Il piano prevedeva che in un furgone, preso in prestito dalla ditta di trasporti del padre di Eve, lei e Steven avrebbero monitorato dal computer il sistema di allarme della galleria, per controllare anche le telecamere.
"Io posso entrare nel sistema d'allarme, e posso bloccarlo per soli quattro minuti" disse Steven.
"In quattro minuti vi faremo passare dalla porta del retro, quella dove Adam vi aspetterà al cancello automatico che avremo bloccato. Io volerò per i corridoi per altri cinque minuti così crederanno che il sistema d'allarme sia scattato per colpa mia, e non si accorgeranno subito che il diamante è scomparso" disse Emiroth rivolgendosi a Megara e Michelle.

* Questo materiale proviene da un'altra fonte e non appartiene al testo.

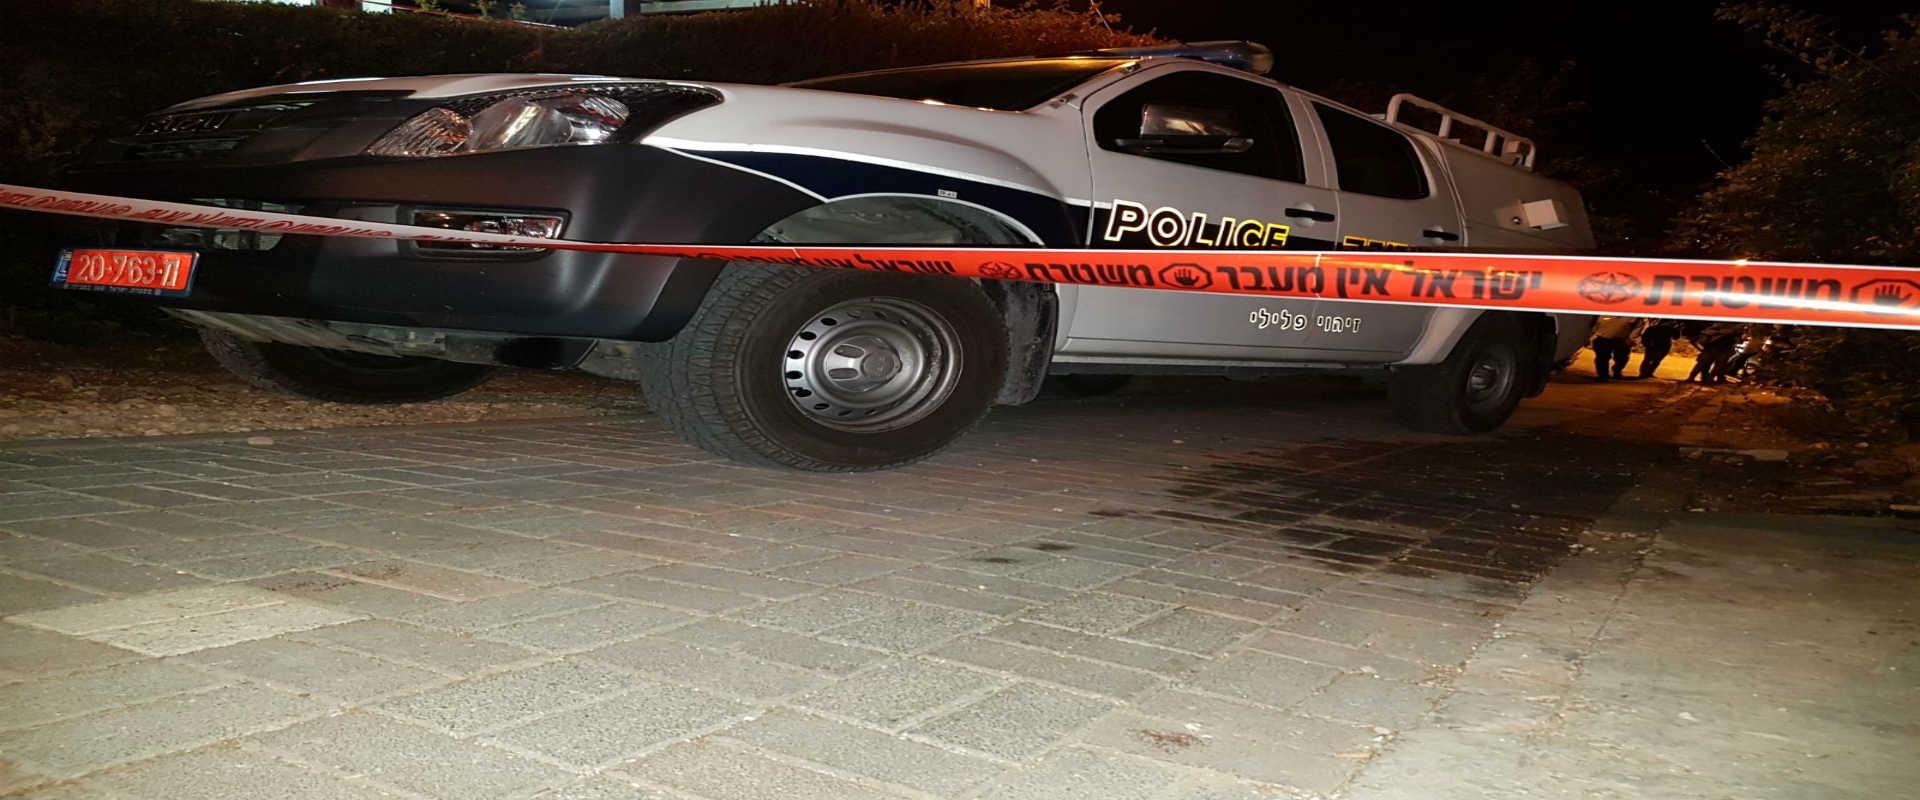 ניידת משטרה בזירת הפיגוע בהתנחלות חלמיש, הערב

"E come entreremo, come faremo ad arrivare alla sala del diamante senza farci vedere da nessuno? Anche alla porta sul retro c'è la sorveglianza" chiese Meg.
"Sul retro ci penserà Adam a colpire la guardia, e una volta entrate voi percorrerete tutta la galleria dai condotti dell'aerazione. Vi guideranno Eve e Steven con degli auricolari".
"E io?" chiese Jonas.
"Tu puoi andare ora a compare auricolari e maschere, e poi aspetterai fuori Adam e le ragazze con il motore acceso" rispose Emiroth.

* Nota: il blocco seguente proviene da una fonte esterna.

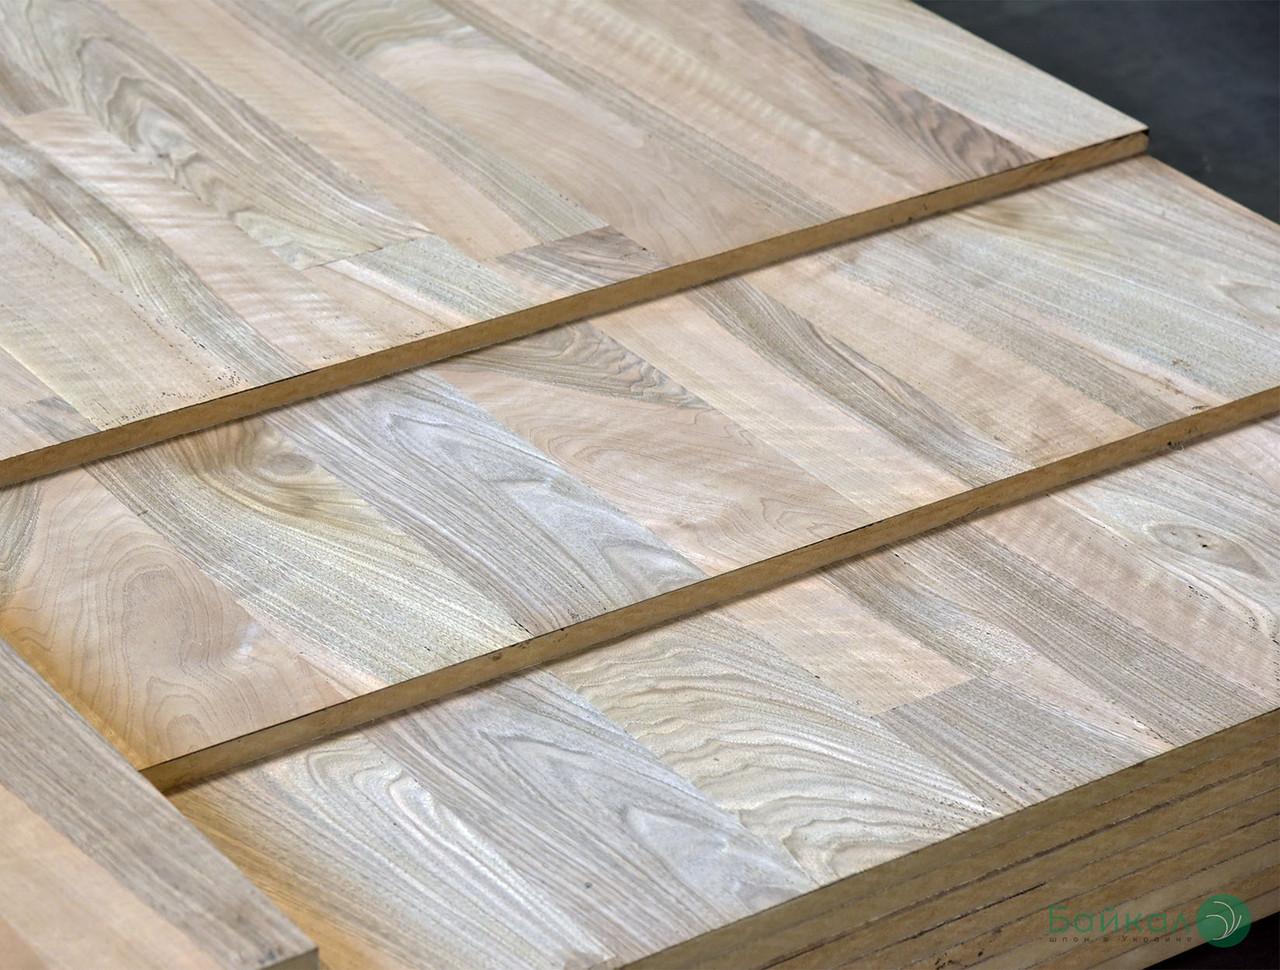 МДФ плита шпонированная Орехом Европейским в сучках (рисунок паркет) 19 мм 2,8х1,033 м

"Manovalanza" sbuffò Jonas, che non aveva molto in simpatia il gufo, e si potrebbe dire che il sentimento era reciproco.
"Un piano folle!" esclamò Eve.
"Talmente folle che potrebbe funzionare" rispose Adam fissandola con i suoi occhi penetranti.

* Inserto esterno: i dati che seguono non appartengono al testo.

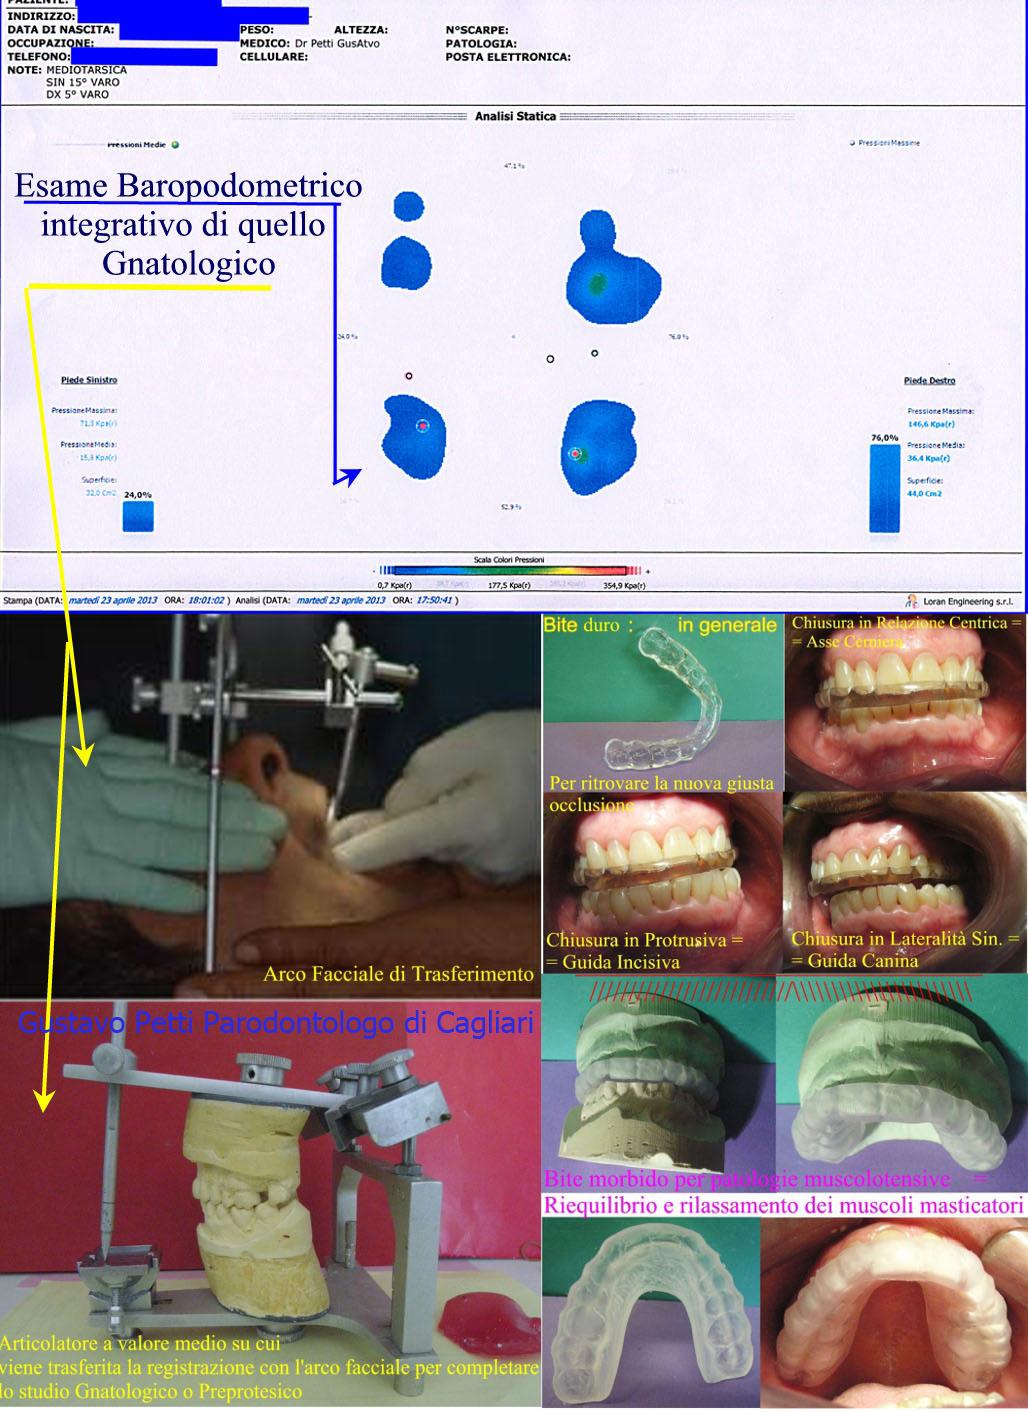 analisi-gnatologica-dr-g.petti-cagliari-1702.jpg

Emiroth lo guardò soddisfatto, come un padre o un anziano parente che guarda pieno di orgoglio un giovane in cui ripone tutte le sue speranze, mentre intingeva una ciambella, la terza, nel caffè che si era fatto fare.

36 ore dopo tutto era pronto. Steven e Eve erano in furgoncino blu, parcheggiato dall'altra parte della strada. Le luci della galleria erano spente, il cambio della guardia in corso.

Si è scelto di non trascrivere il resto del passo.